In [2]:
import torch
import numpy as np
from datasets import load_dataset
from transformers import AutoTokenizer, AutoModelForSequenceClassification, Trainer, TrainingArguments, set_seed
from peft import LoraConfig, get_peft_model, TaskType
from sklearn.metrics import accuracy_score, f1_score, confusion_matrix, precision_score, recall_score, roc_auc_score
from torch.utils.data import DataLoader
import time
import random
import pandas as pd
import warnings
import transformers

transformers.logging.set_verbosity(transformers.logging.CRITICAL)
warnings.filterwarnings('ignore')


# from utils import compute_metrics, run_experiment

# For reproducibility
seed = 42
random.seed(seed)
np.random.seed(seed)
torch.manual_seed(seed)
torch.cuda.manual_seed_all(seed)
torch.backends.cudnn.deterministic = True
torch.backends.cudnn.benchmark = False
set_seed(seed)

device = "cuda" if torch.cuda.is_available() else "cpu"
print(f"Using device: {device}")

Using device: cuda


## 1. Load dataset

In [3]:
# Load tweet eval dataset

dataset = load_dataset("tweet_eval", "irony")
print(dataset)

DatasetDict({
    train: Dataset({
        features: ['text', 'label'],
        num_rows: 2862
    })
    test: Dataset({
        features: ['text', 'label'],
        num_rows: 784
    })
    validation: Dataset({
        features: ['text', 'label'],
        num_rows: 955
    })
})


In [4]:
# Class distribution

train_labels = dataset['train']['label']
print(f"  Non-ironic (0): {train_labels.count(0)} ({train_labels.count(0)/len(train_labels)*100:.1f}%)")
print(f"  Ironic (1): {train_labels.count(1)} ({train_labels.count(1)/len(train_labels)*100:.1f}%)")

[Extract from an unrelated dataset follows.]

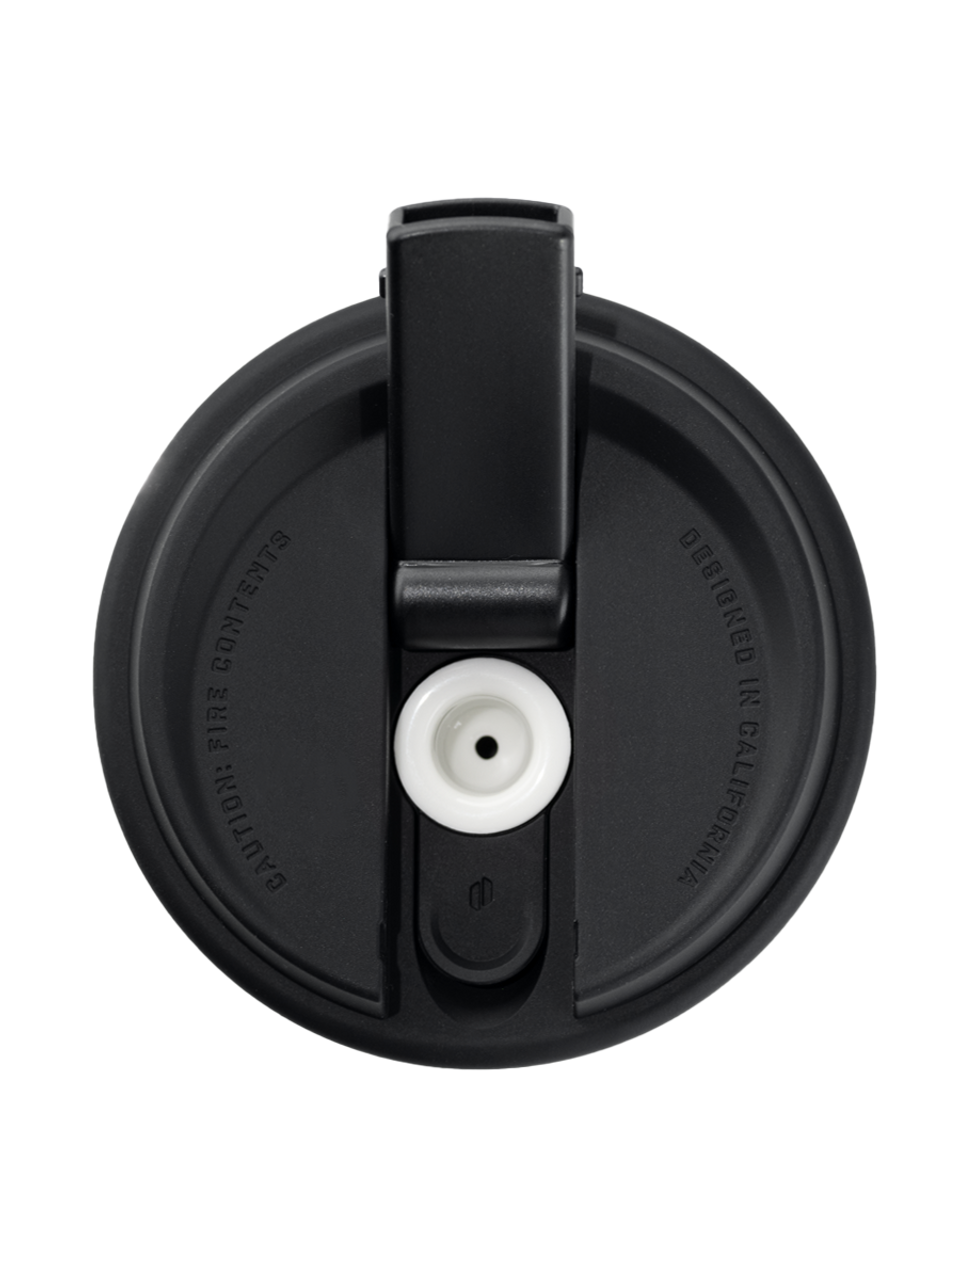 Puffco Cupsy coffee cup water pipe in black, top view, showing lid and bowl

  Non-ironic (0): 1417 (49.5%)
  Ironic (1): 1445 (50.5%)


## 2. Define metrics for evaluation and experiement setup

In [5]:
# Define metrics for evaluation

def compute_metrics(pred):
    labels = pred.label_ids
    preds = np.argmax(pred.predictions, axis=-1)
    probs = torch.nn.functional.softmax(torch.tensor(pred.predictions), dim=-1)[:, 1].numpy()

    return {
        "accuracy": accuracy_score(labels, preds),
        "precision": precision_score(labels, preds),
        "recall": recall_score(labels, preds),
        "f1": f1_score(labels, preds, average="binary"),
        "f1_macro": f1_score(labels, preds, average="macro"),
        "roc_auc": roc_auc_score(labels, probs)
    }


In [18]:
# Experiment setup

def run_experiment(model_name, strategy, learning_rate=2e-5, batch_size=16, epochs=3, lora_config=None):
    print(f"\nTraining {model_name} | {strategy} | lr={learning_rate} | batch_size={batch_size} | epochs={epochs}")

    # Initialize the tokenizer for this model
    tokenizer = AutoTokenizer.from_pretrained(model_name)

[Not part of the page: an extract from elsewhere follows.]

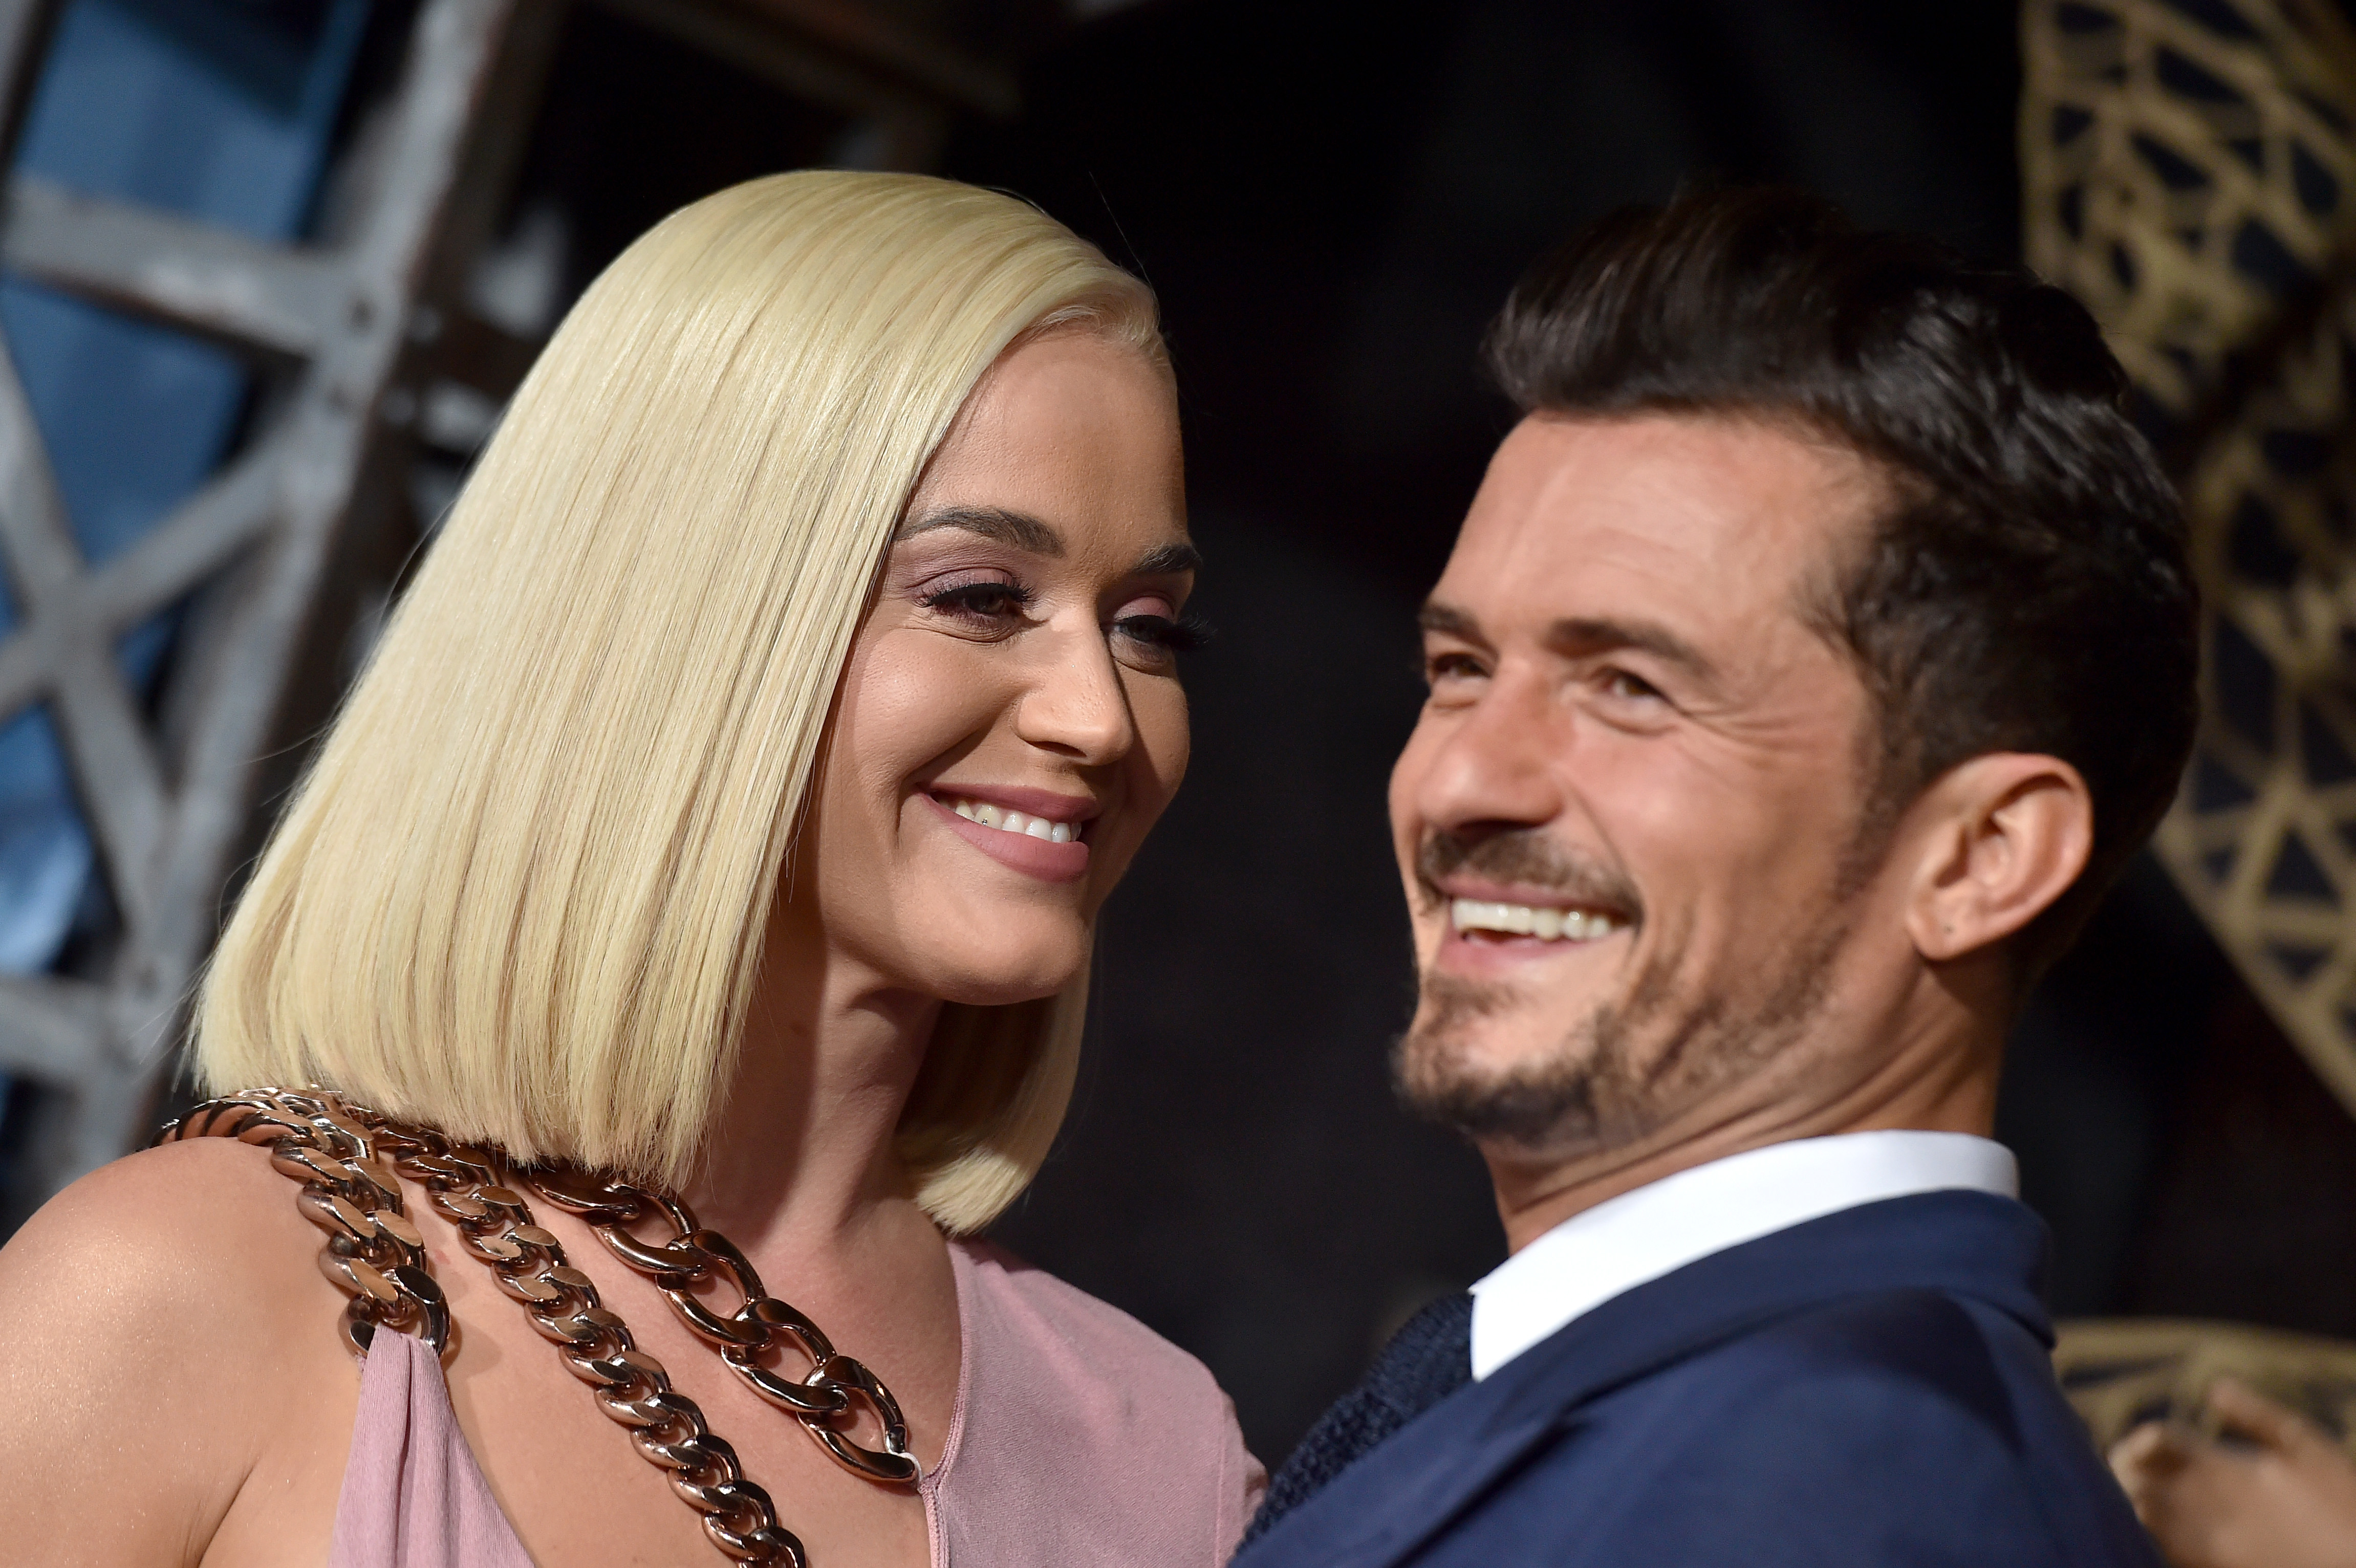 Katy Perry and Orlando Bloom at the premiere of "Carnival Row" in Hollywood, California on August 21, 2019 | Source: Getty Images

    # Tokenize dataset and convert to pytorch
    tokenized_data = dataset.map(
        lambda x: tokenizer(x['text'], padding='max_length', truncation=True, max_length=128),
        batched=True
    )
    tokenized_data = tokenized_data.rename_column('label', 'labels')
    tokenized_data.set_format('torch')

    # Load models
    if strategy == "full":
        model = AutoModelForSequenceClassification.from_pretrained(model_name, num_labels=2)
    elif strategy == "lora":
        base_model = AutoModelForSequenceClassification.from_pretrained(model_name, num_labels=2)

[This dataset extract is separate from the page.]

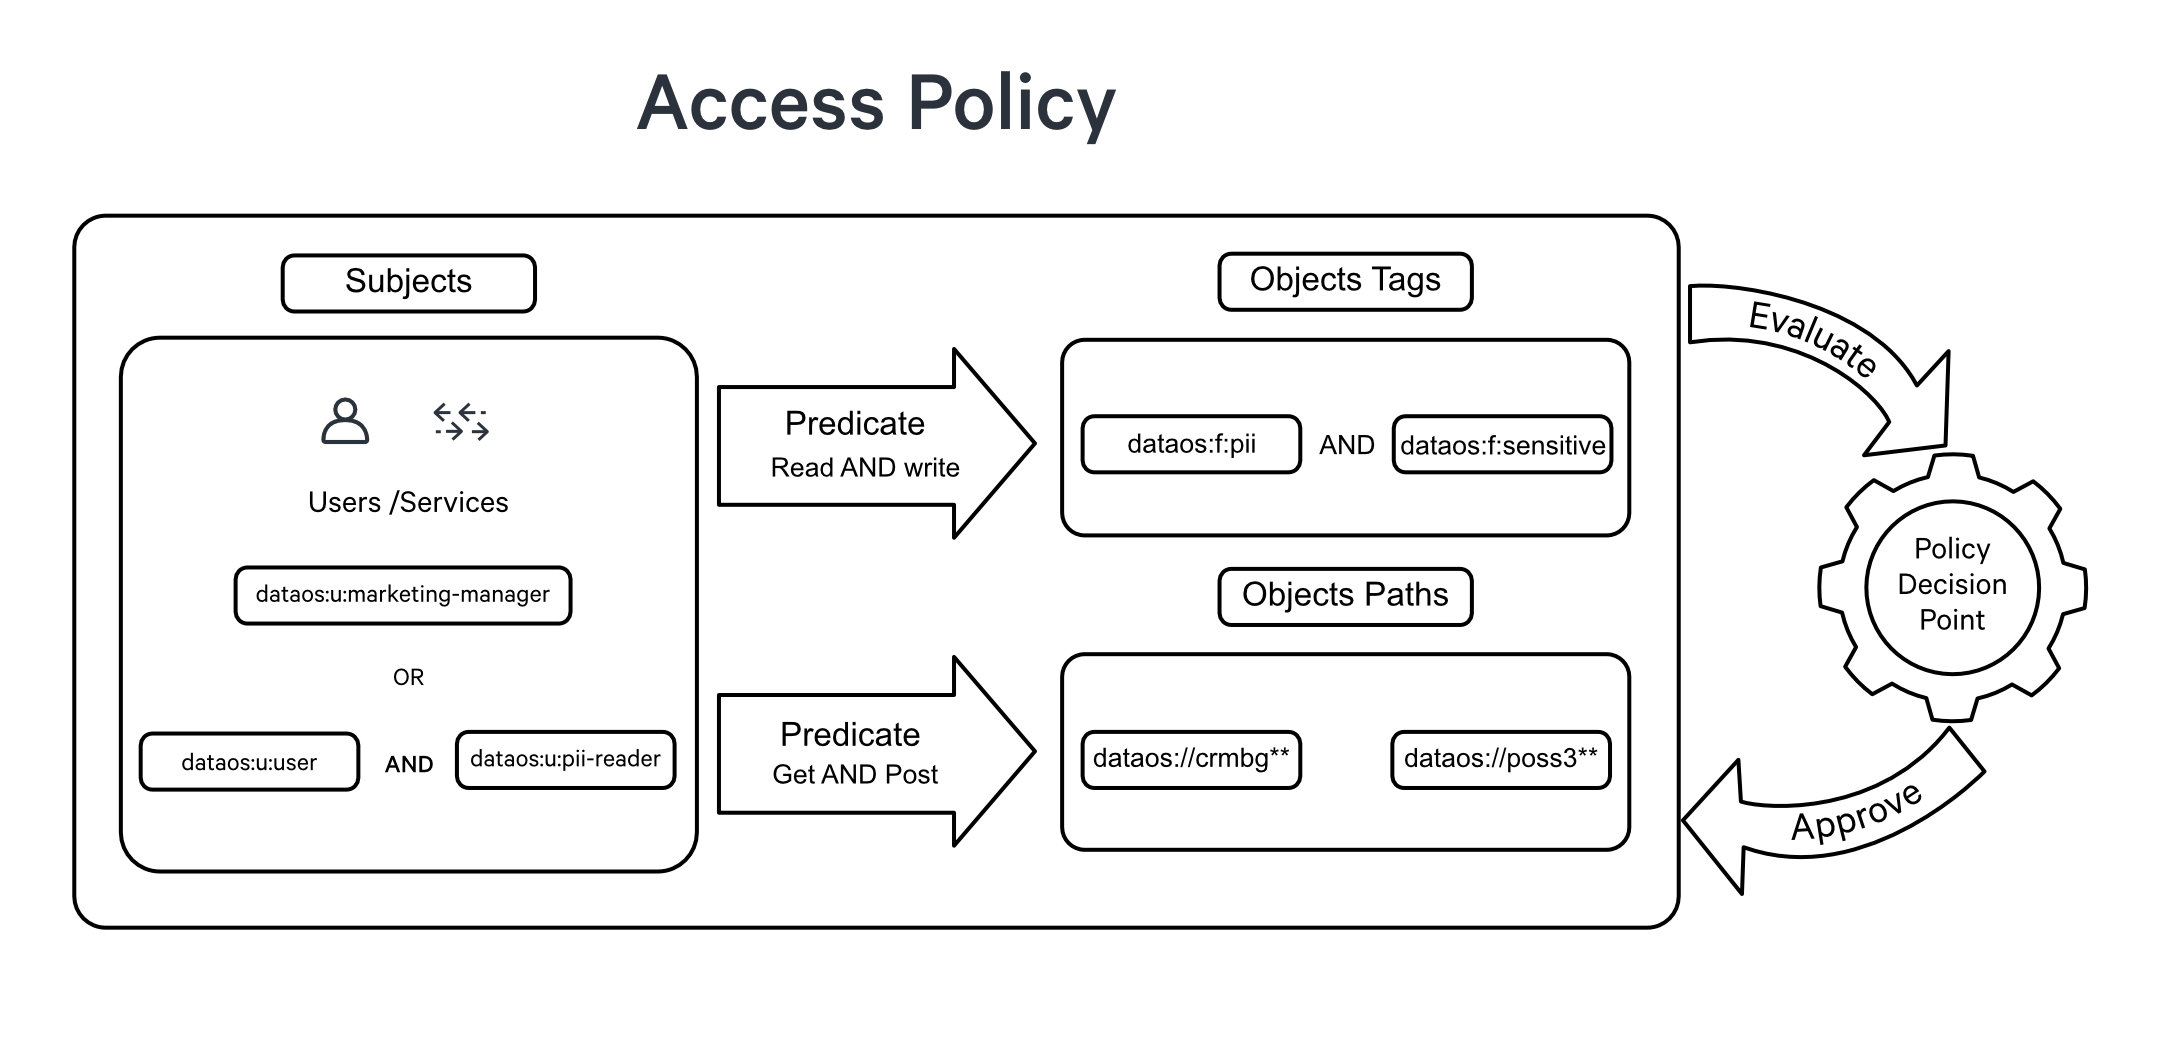 governance-policies-access-policy.jpg

        # Have to determine target modules for LoRA
        if model_name.startswith("distilbert"):
            target_modules = ["q_lin", "v_lin"]
        elif model_name.startswith("roberta"):
            target_modules = ["query", "value"]
        else:
            target_modules = None

        # LoRA configurations (create default ones if theres no lora_config)
        if lora_config is None:
            lora_config = LoraConfig(
                task_type=TaskType.SEQ_CLS,
                r=8,
                lora_alpha=16,
                lora_dropout=0.1,
                bias="none",
                target_modules=target_modules)
        else:
            # If target_modules not set in the provided config, fill it
            if getattr(lora_config, "target_modules", None) is None:
                lora_config.target_modules = target_modules

        model = get_peft_model(base_model, lora_config)

    # Count parameters
    total_params = sum(p.numel() for p in model.parameters())
    trainable_params = sum(p.numel() for p in model.parameters() if p.requires_grad)
    print(f"Trainable params: {trainable_params:,}/{total_params:,}")

    # Move model to GPU
    device = "cuda" if torch.cuda.is_available() else "cpu"
    model.to(device)

    # Training arguments
    training_args = TrainingArguments(
        output_dir=f"./results/{model_name}_{strategy}_lr{learning_rate}_bs{batch_size}_ep{epochs}",
        num_train_epochs=epochs,
        per_device_train_batch_size=batch_size,
        per_device_eval_batch_size=batch_size,
        learning_rate=learning_rate,
        eval_strategy="epoch",
        save_strategy="epoch",
        load_best_model_at_end=True,
        metric_for_best_model="f1_macro",
        logging_steps=100,
        warmup_steps=100,
        report_to="none",
        dataloader_num_workers=0)

    trainer = Trainer(
        model=model,
        args=training_args,
        train_dataset=tokenized_data['train'],
        eval_dataset=tokenized_data['validation'],
        compute_metrics=compute_metrics)

    # Train & evaluate + track training time
    start_time = time.time()
    trainer.train()
    train_time = time.time() - start_time

    eval_results = trainer.evaluate(tokenized_data['test'])
    preds = trainer.predict(tokenized_data['test'])
    y_pred = np.argmax(preds.predictions, axis=-1)
    y_true = preds.label_ids
    cm = confusion_matrix(y_true, y_pred)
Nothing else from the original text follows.